### Work task
Copy the data that follows exactly as it is, excluding all pictures.

(Beginning of Input data)

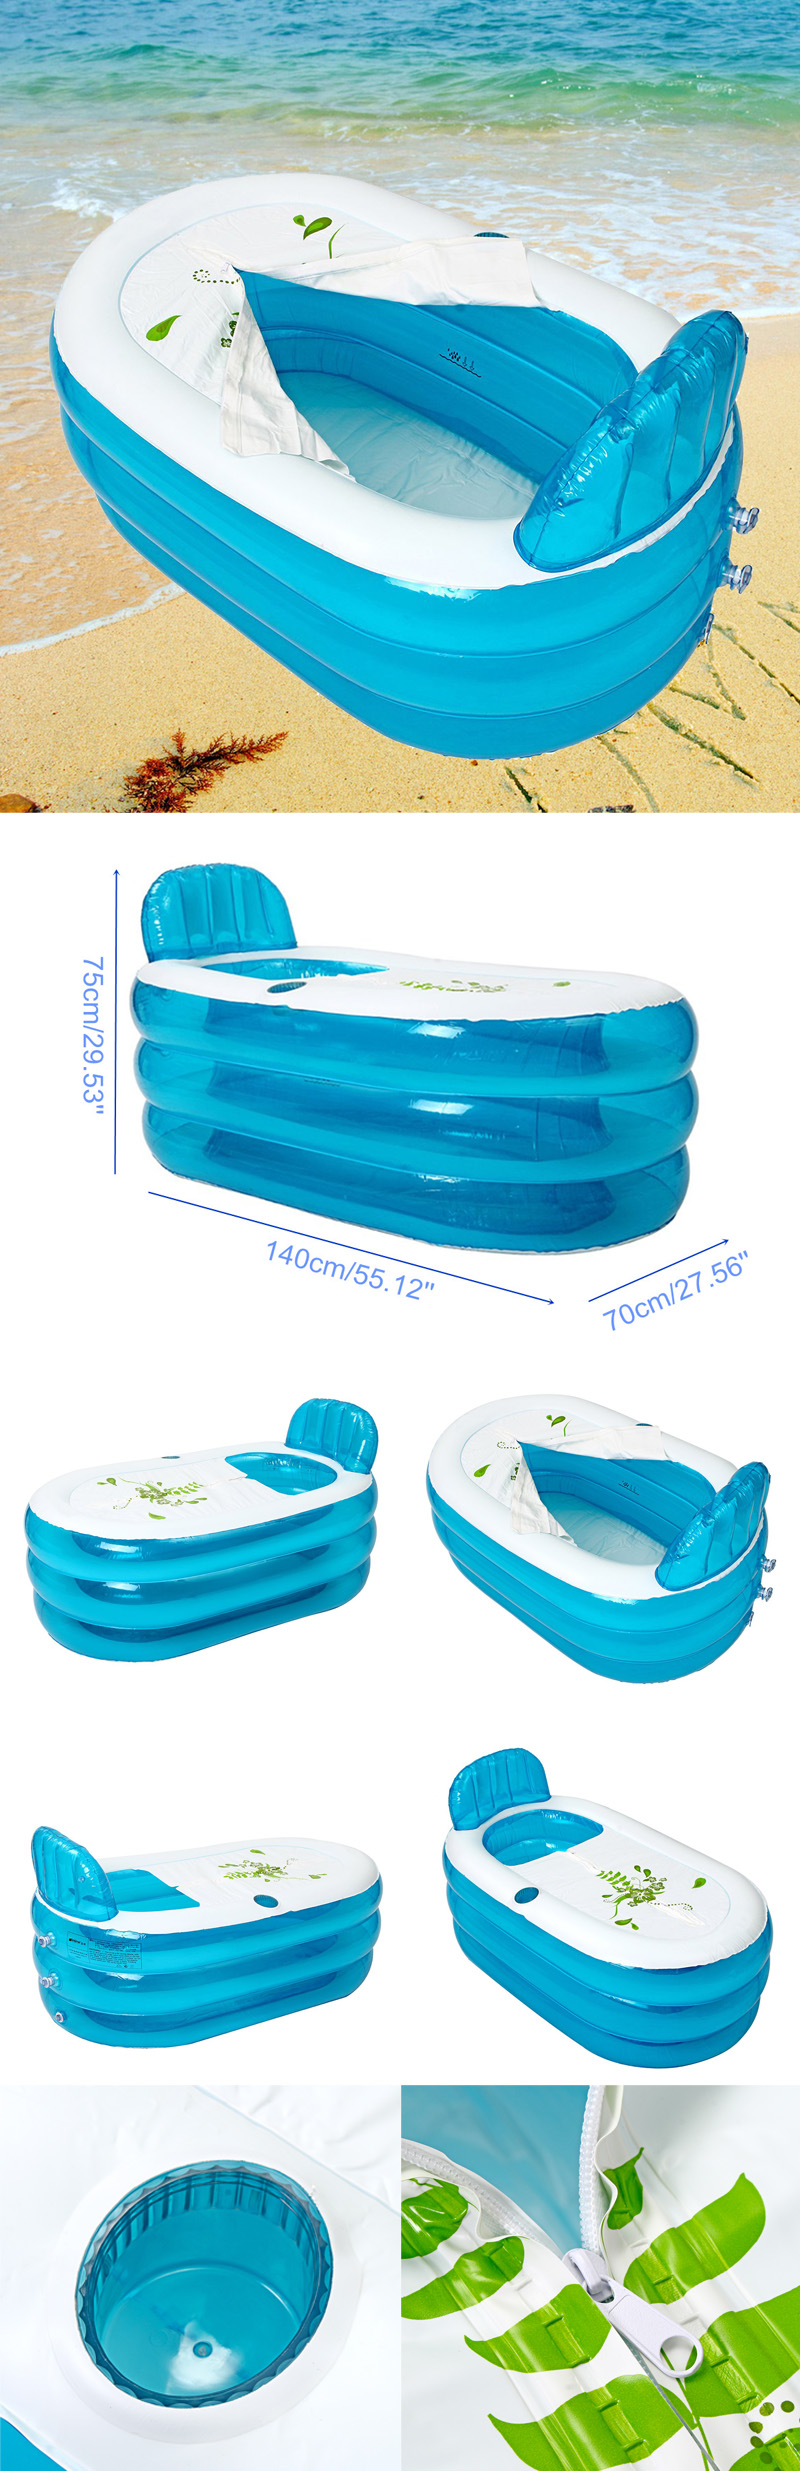 Inflatable Bathtub Portable Bath Tub PVC Camping Travel Folding SPA Bath With Cushion Pipe 11
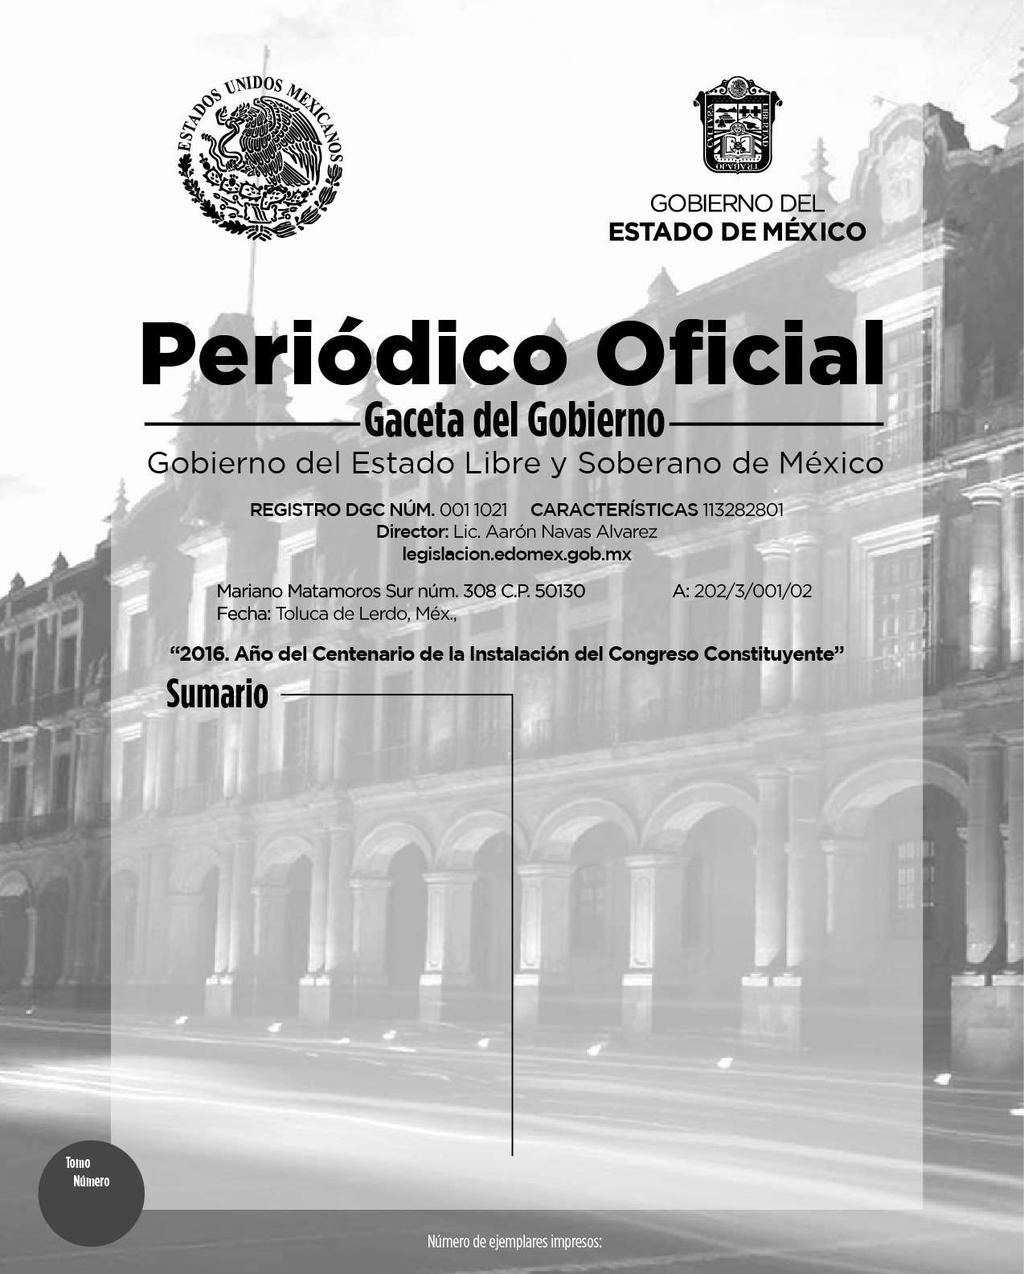 lunes 15 de febrero de 2016 PODER JUDICIAL DEL ESTADO DE MÉXICO CIRCULAR No. 10/2016.
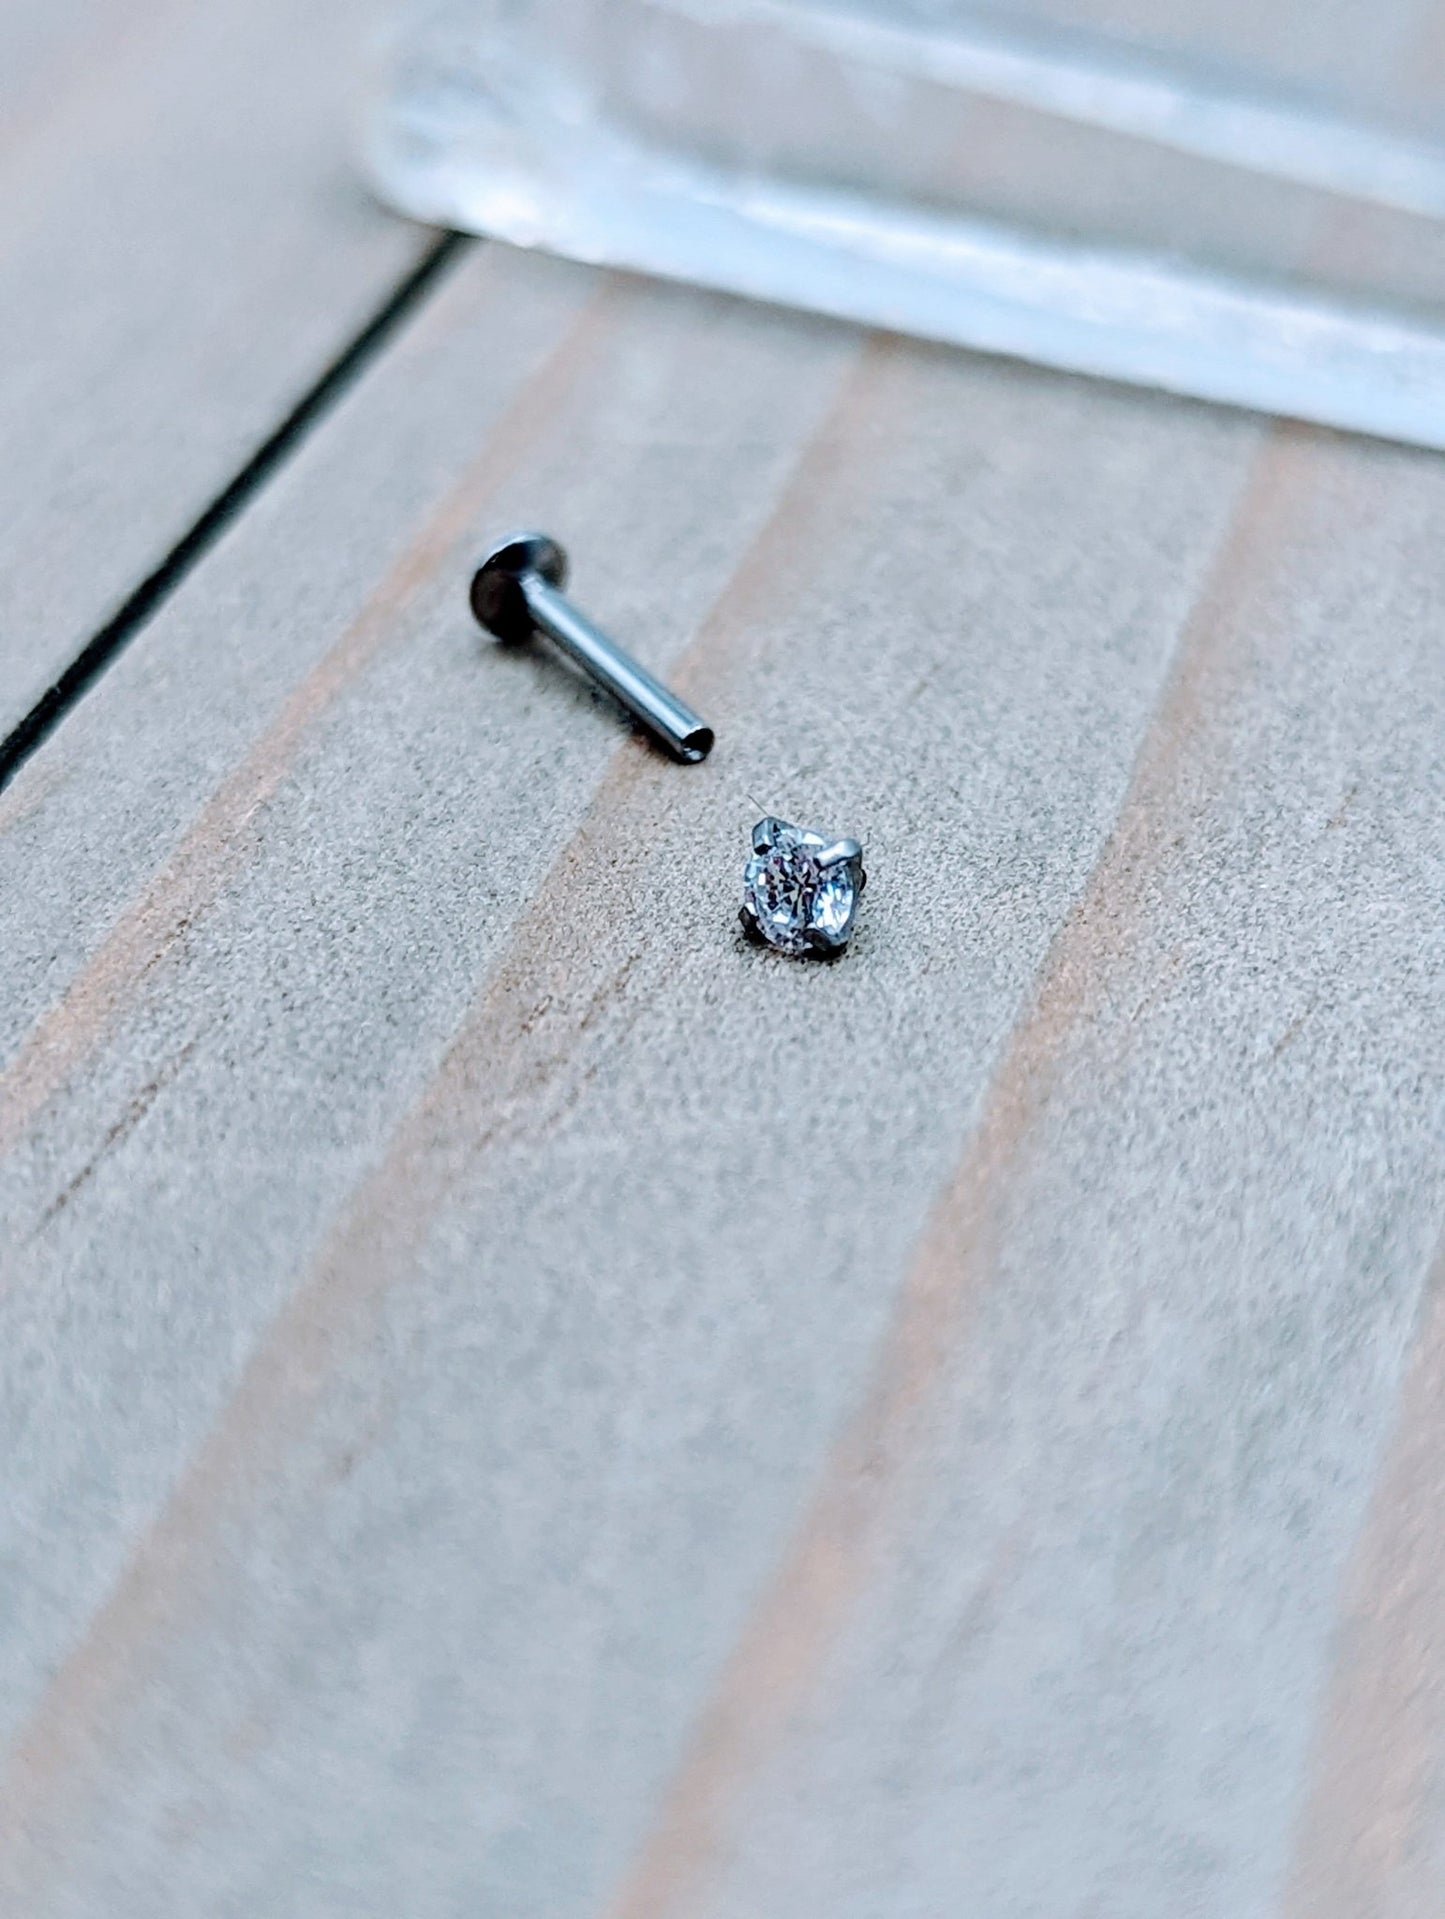 Titanium flat back earring set of 3 gemstone ends 1 internally threade –  Siren Body Jewelry

(End of Input data)

### Exercise response
 Inflatable Bathtub Portable Bath Tub PVC Camping Travel Folding SPA Bath With Cushion Pipe 11
 lunes 15 de febrero de 2016 PODER JUDICIAL DEL ESTADO DE MÉXICO CIRCULAR No. 10/2016.
 Titanium flat back earring set of 3 gemstone ends 1 internally threade –  Siren Body Jewelry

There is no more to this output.